Task requirements:
Your task is to give the listing below back word for word, pictures excluded.

Collected data:
++++++++++

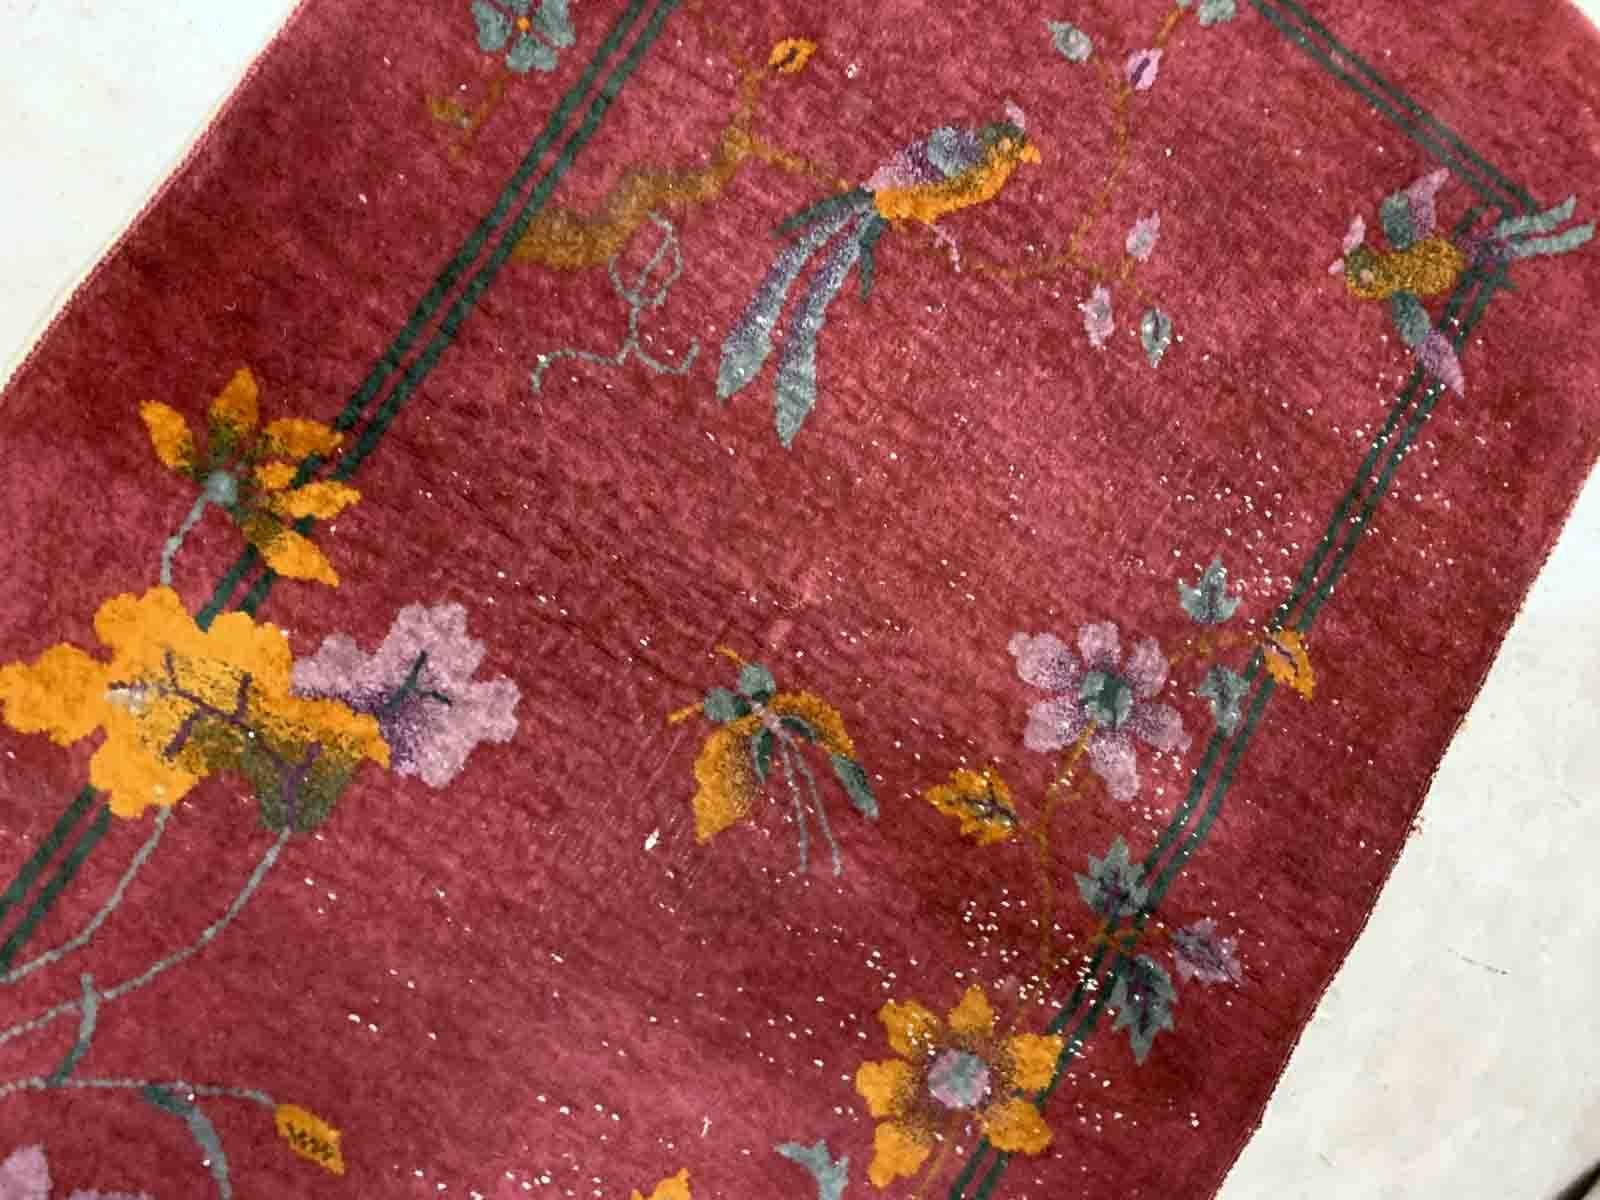 Handmade antique Art Deco Chinese rug in red color. The rug has traditional floral Art Deco design with some birds and vases. It is from the beginning of 20th century in original condition, it has some low pile.

-condition: original, some low
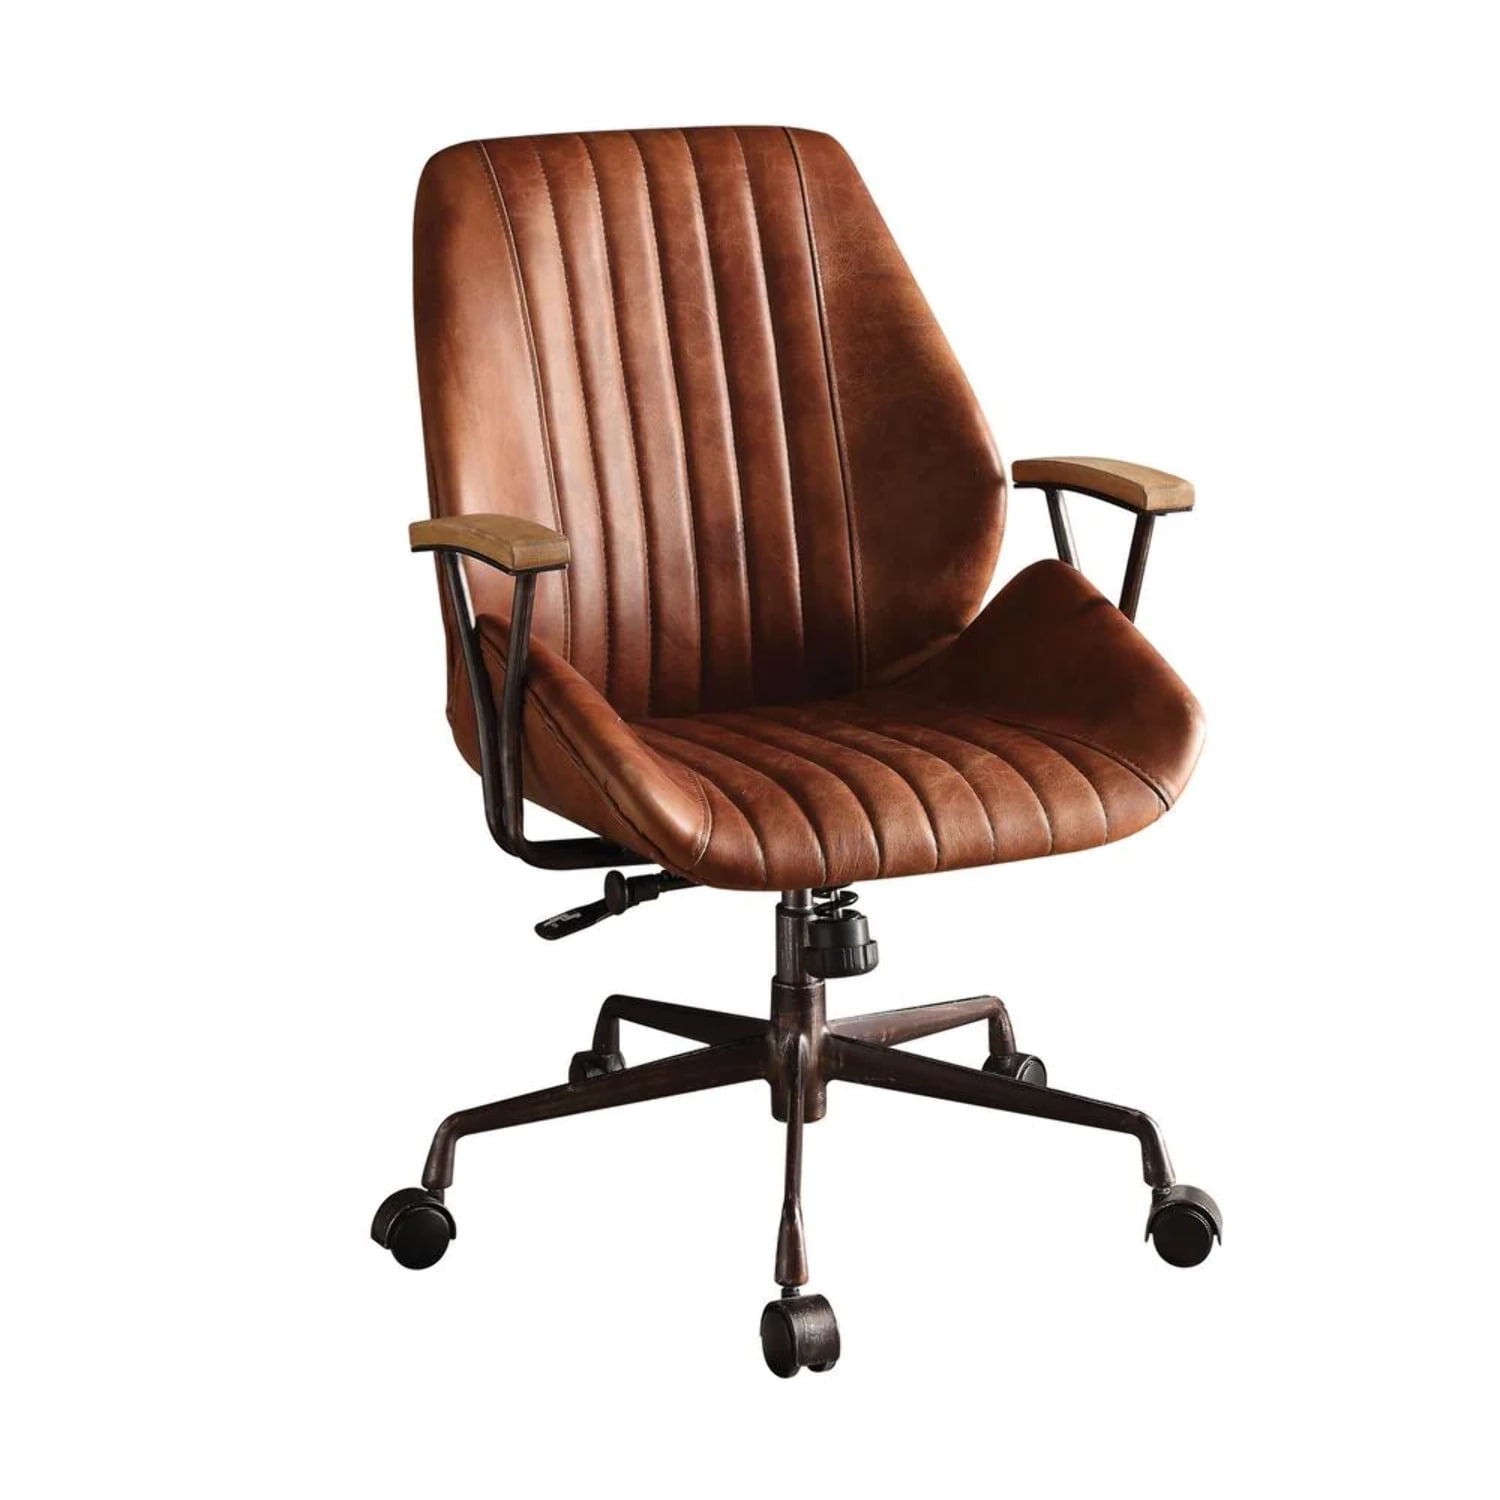 Picture of ACME 92413 Hamilton Executive Office Chair - Cocoa Top Grain Leather - 42 x 24 x 28 in.

++++++++++

Final answer:
 Handmade antique Art Deco Chinese rug in red color. The rug has traditional floral Art Deco design with some birds and vases. It is from the beginning of 20th century in original condition, it has some low pile.

-condition: original, some low
 Picture of ACME 92413 Hamilton Executive Office Chair - Cocoa Top Grain Leather - 42 x 24 x 28 in.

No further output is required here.